عَنْ ابْنِ بُرَيْدَةَ عَنْ أَبِيهِ عَنْ النَّبِيِّ صَلَّى اللَّهُ عَلَيْهِ وَسَلَّمَ قَالَ الْقُضَاةُ ثَلاَثَةٌ وَاحِدٌ فِي الْجَنَّةِ وَاثْنَانِ فِي النَّارِ فَأَمَّا الَّذِي فِي الْجَنَّةِ فَرَجُلٌ عَرَفَ الْحَقَّ فَقَضَى بِهِ وَرَجُلٌ عَرَفَ الْحَقَّ فَجَارَ فِي الْحُكْمِ فَهُوَ فِي النَّارِ وَرَجُلٌ قَضَى لِلنَّاسِ عَلَى جَهْلٍ فَهُوَ فِي النَّارِ
Dari Ibnu Buraidah, dari bapaknya, dari Nabi shallallahu ‘alaihi wa sallam, beliau bersabda: “Hakim itu ada tiga (golongan), satu golongan masuk sorga, dan dua golongan masuk neraka :
- Adapun yang bakal masuk sorga adalah, seseorang yang mengetahui kebenaran dan memutuskan dengan dilandasi kebenaran itu.
- Seseorang yang mengetahui kebenaran namun ia mengabaikannya dalam menghukumi, maka ia bakal masuk neraka.
- Seseorang yang memutuskan perkara kepada manusia atas dasar ketidak tahuaannya, maka ia termasuk penghuni neraka. (H.R. Abu Dawud, Tirmidzi dan Ibnu Majah)
Dari lahiriyah lafaz hadits dapat diketahui, bahwa barangsiapa yang memutuskan dengan dasar ketidak tahuan, walaupun ternyata keputusannya itu tepat sesuai kebenaran, maka tetap saja ia calon penghuni neraka. Ini berdasar pada kemutlakan lafaz hadits: “Seseorang yang memutuskan perkara atas dasar ketidak tahuaannya, maka ia termasuk penghuni neraka” (‘Aun al-Ma’bud Syarh Sunan Abi Dawud).
Dari hadits tersebut, dapat kita ketahui intinya, bahwa seorang hakim harus memutuskan perkara dengan dilandasi oleh pengetahuan.
Secara umum, Allah juga telah mengingatkan agar kita tidak mengikuti kecuali apa yang telah kita ketahui :
“Dan janganlah kamu mengikuti apa yang kamu tidak mempunyai pengetahuan tentangnya. Sesungguhnya pendengaran, penglihatan dan hati, semuanya itu akan diminta pertanggungan jawabnya”. (Al-Israa`: 36)

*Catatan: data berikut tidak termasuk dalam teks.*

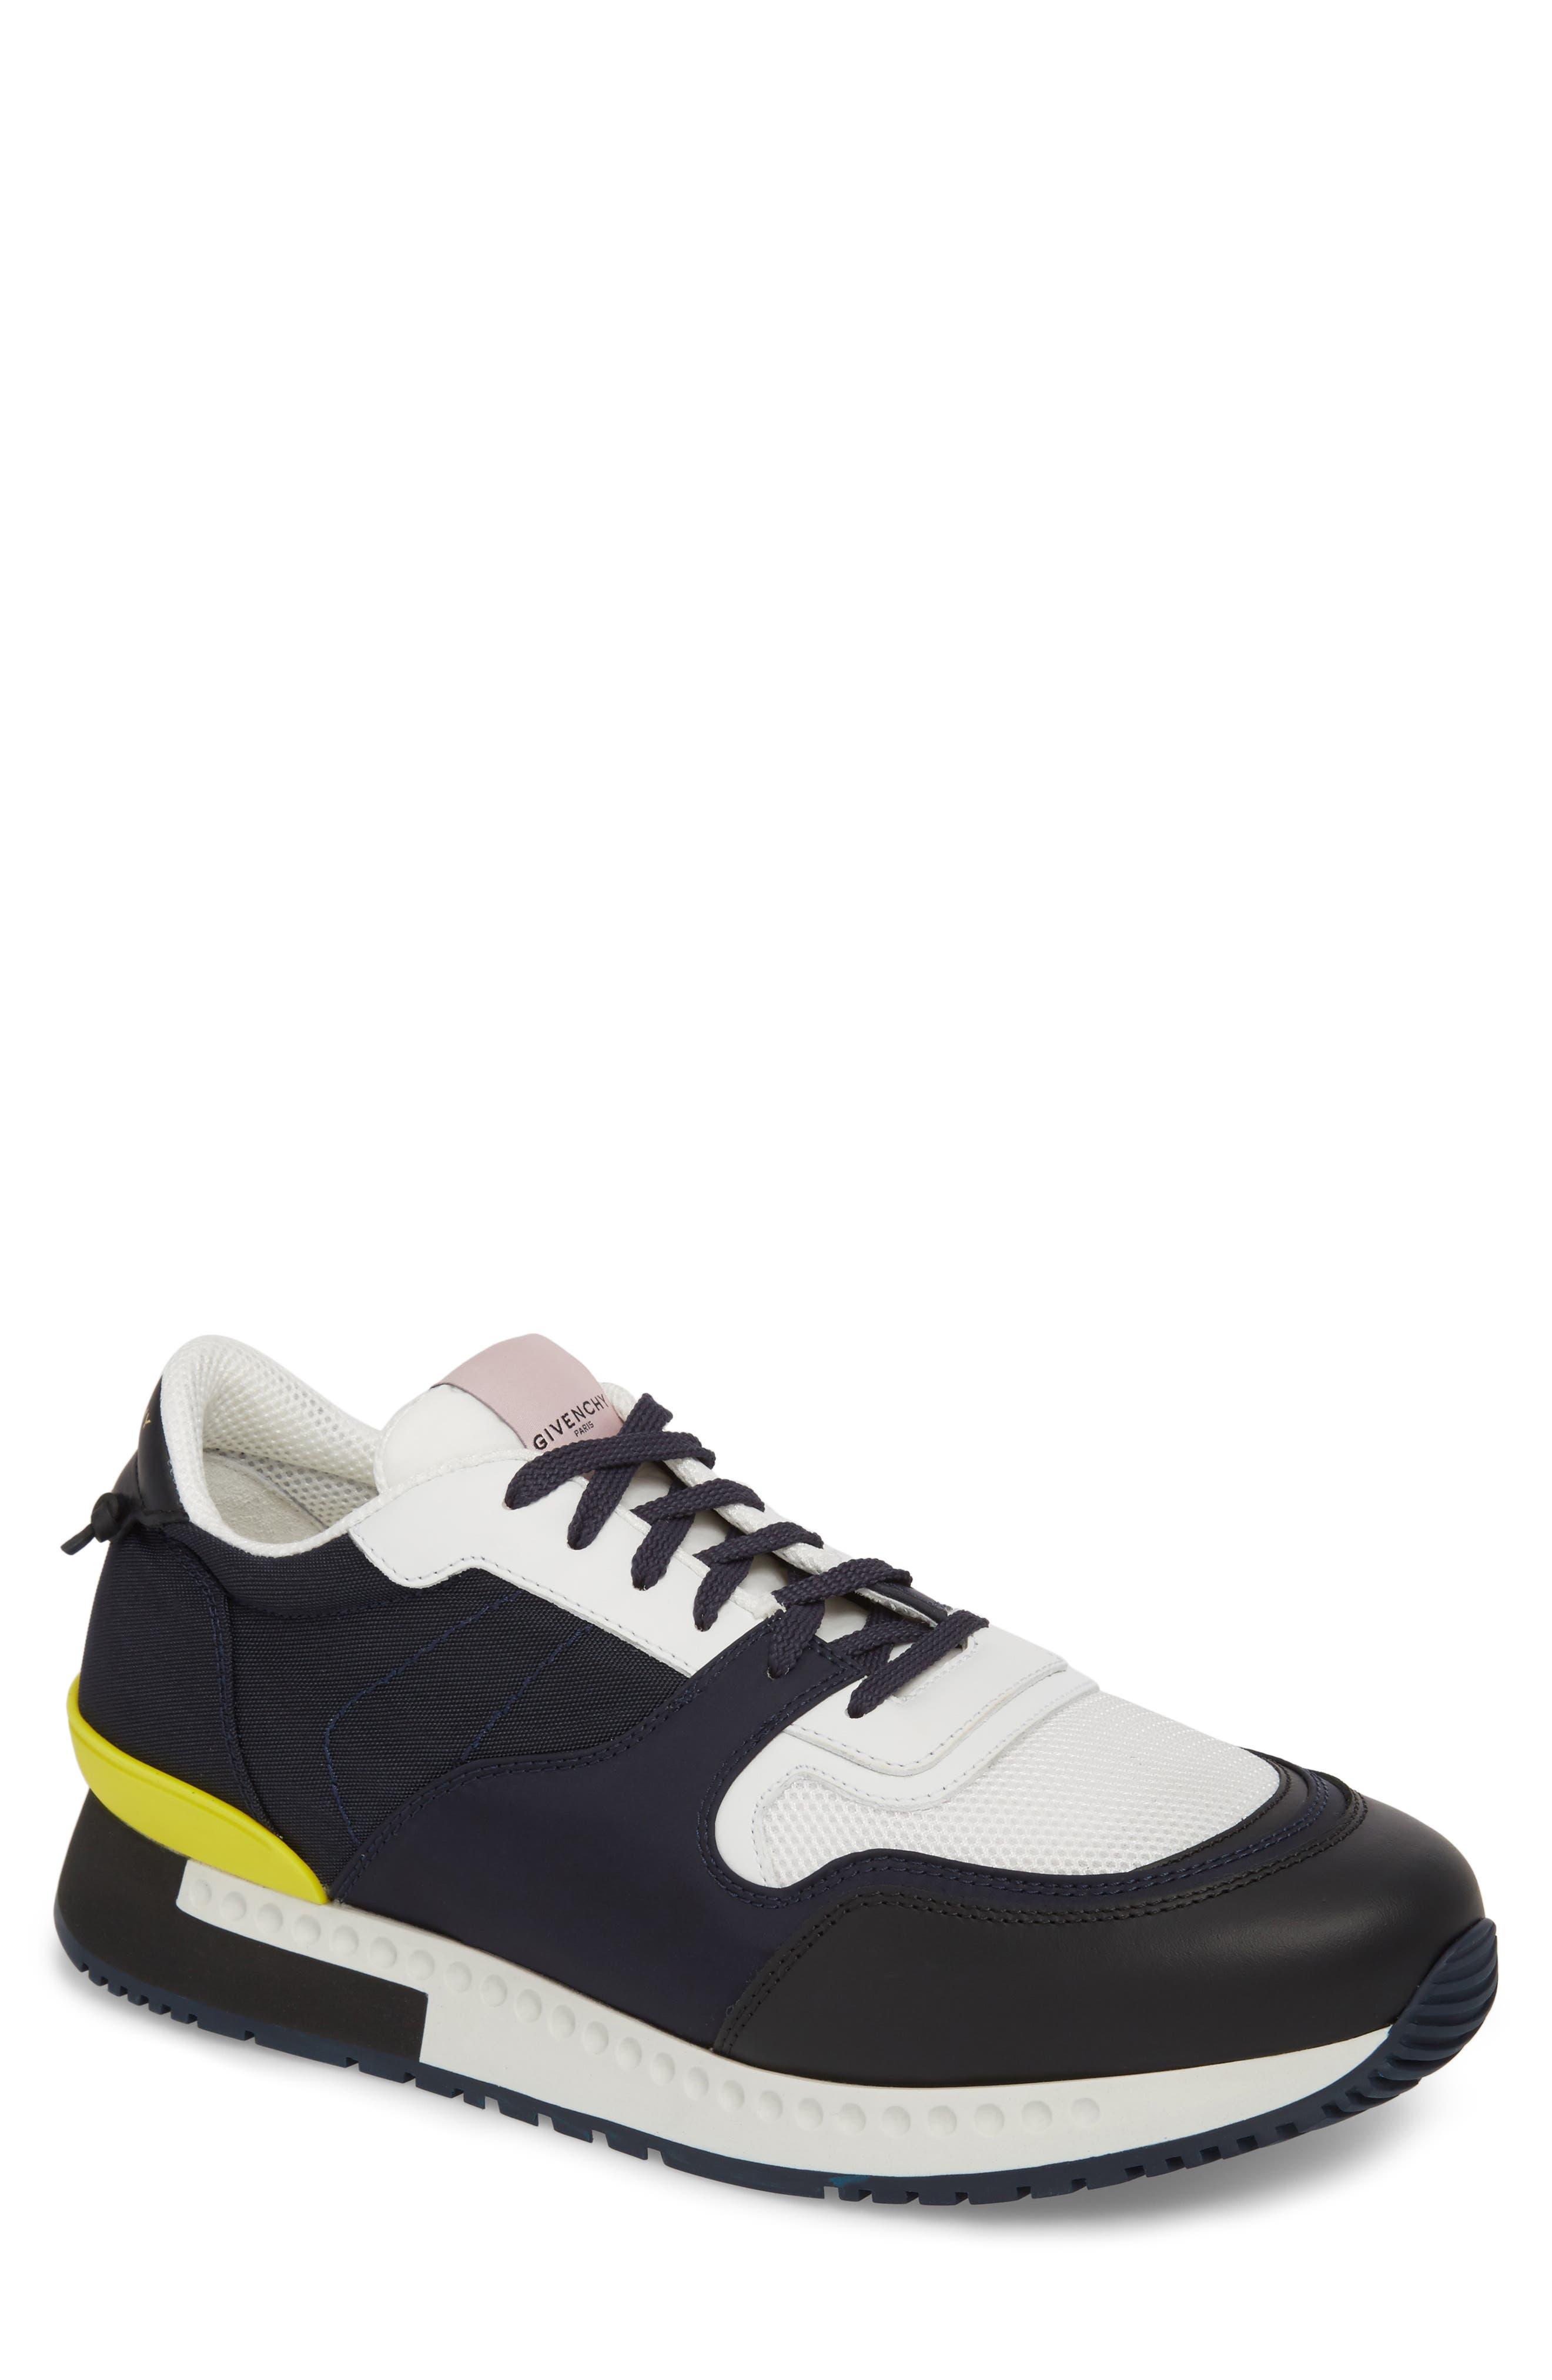 Alternate Image 1 Selected - Givenchy 'Active Runner' Sneaker (Men)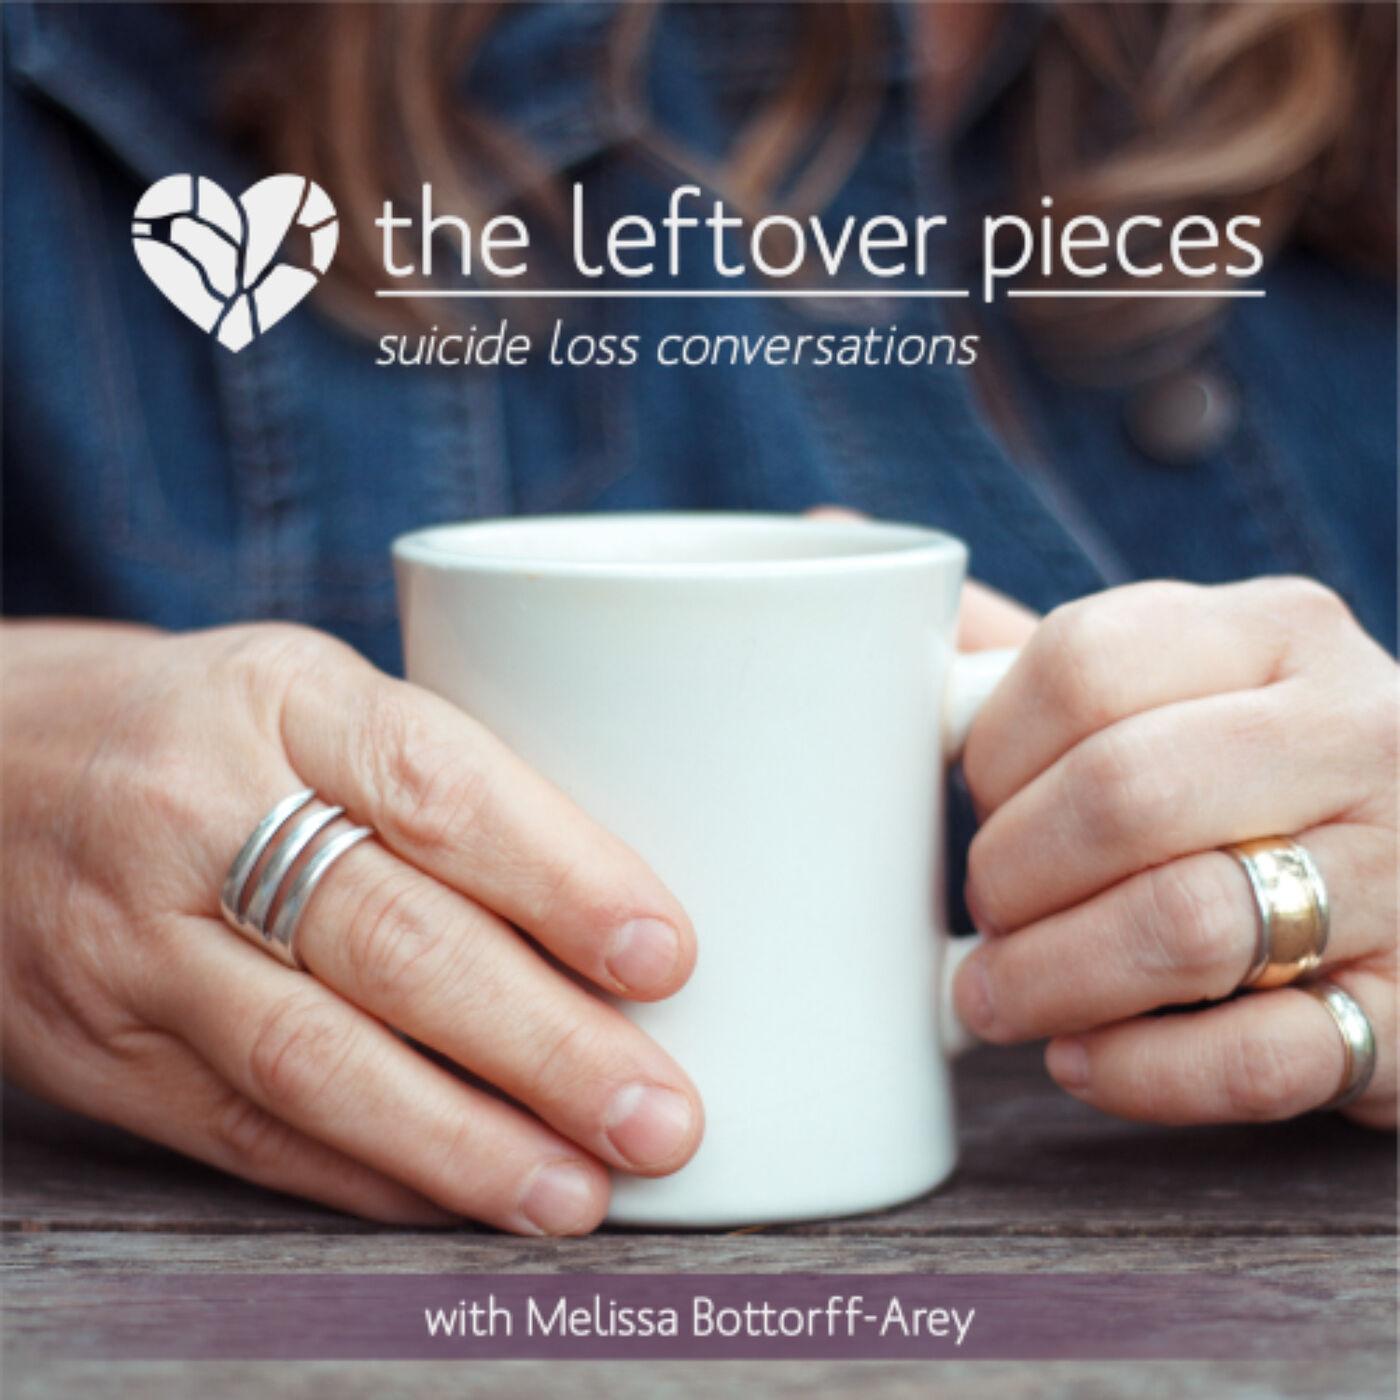 The Leftover Pieces; Suicide Loss Conversations

Sangat jelas, bahwa hadits tersebut tidak hanya berlaku khusus buat hakim semata, namun secara umum juga berlaku buat kita.
Hakim Bagi Diri Sendiri
Hidup adalah pilihan. Allah sudah memberikan kita potensi, baik untuk mengikuti yang benar ataupun untuk menyimpang. Allah berfirman:
“Maka Allah mengilhamkan kepada jiwa itu kefasikan dan ketakwaannya”. (Q.S. Asy-Syams: 8)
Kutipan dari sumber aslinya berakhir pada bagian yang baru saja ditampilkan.